Blood pressure drug slows aortic dilatation in Marfan syndrome
“Our finding of reduced aortic dilatation with irbesartan, over and above standard medical therapy, suggests an important clinical effect that may prevent complications and ultimately delay or obviate the need for surgical intervention in patients with Marfan syndrome,” said Dr Mullen.
The finding of reduced aortic dilatation with irbesartan, over and above standard medical therapy, suggested an important clinical effect that may prevent complications and ultimately delay or avoid the need for surgical intervention in patients with Marfan syndrome.
Children and young adults with Marfan syndrome exhibited a slower rate of enlargement or dilatation of the aorta after receiving a drug to lower blood pressure, revealed research presented recently at the European Society of Cardiology (ESC) Congress.
The inherited condition Marfan syndrome affects one in 5,000–10,000 people, causing the elastic fibres in the body to become too stretchy, and patients may have very long arms and legs.
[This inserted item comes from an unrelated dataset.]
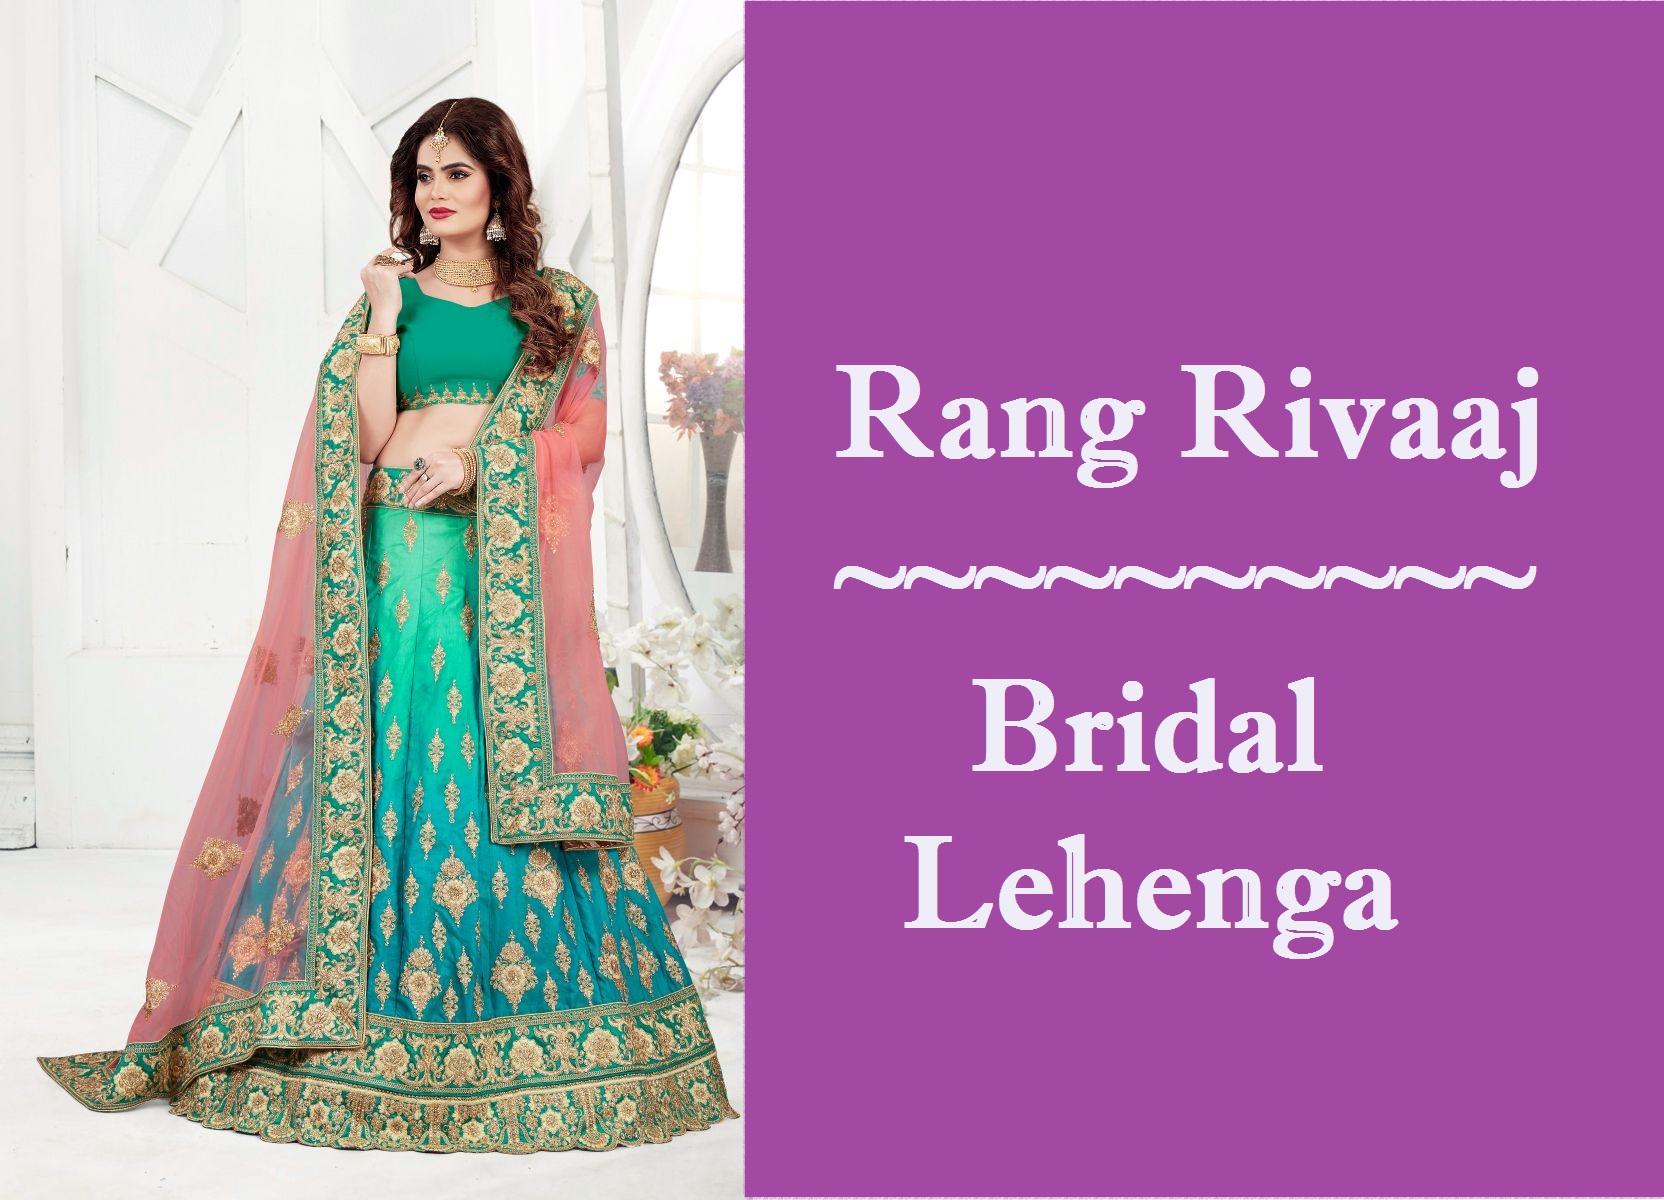 Rang Rivaaj Bridal Lehenga

The body’s main artery, the aorta, progressively enlarges, which may lead to tears, rupture, and death. To protect sufferers, surgery to replace the aortic root may be performed when dilatation reaches 4.5 – 5 cm. Consequently, slowing aortic dilatation in Marfan syndrome is an important treatment objective.
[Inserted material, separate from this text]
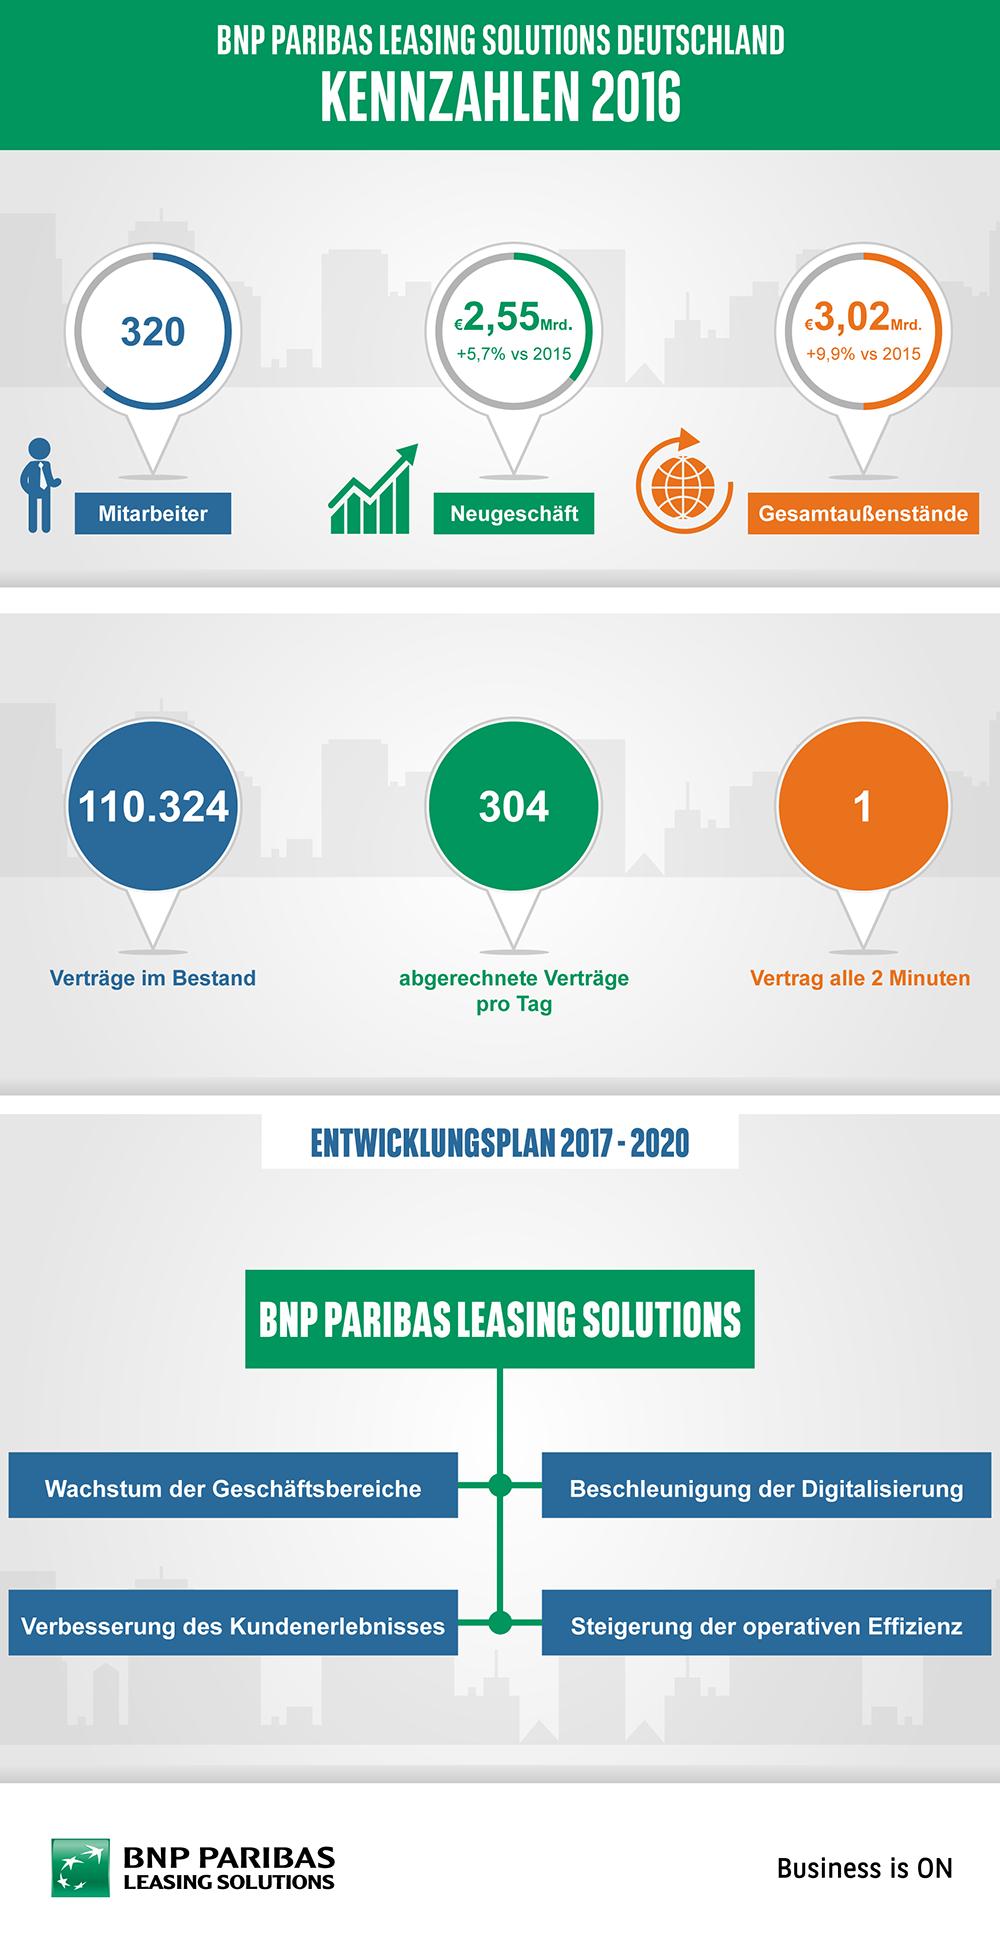 Kennzahlen_2016_BNP Paribas Leasing Solutions Deutschland

Dr Michael Mullen, principal investigator, St Bartholomew’s Hospital, London, said: “The trial showed a clinically-important reduction in the rate of aortic dilatation in children and young adults with Marfan syndrome treated with irbesartan, potentially delaying the need for elective surgery and reducing the risk of complications and death.”
Previous studies have shown that beta-blockers, angiotensin-converting enzyme inhibitors, and angiotensin II receptor blockers may reduce the progression of aortic dilation and its complications. But up to 50% of patients with Marfan syndrome cannot tolerate beta-blockers because of their side effects.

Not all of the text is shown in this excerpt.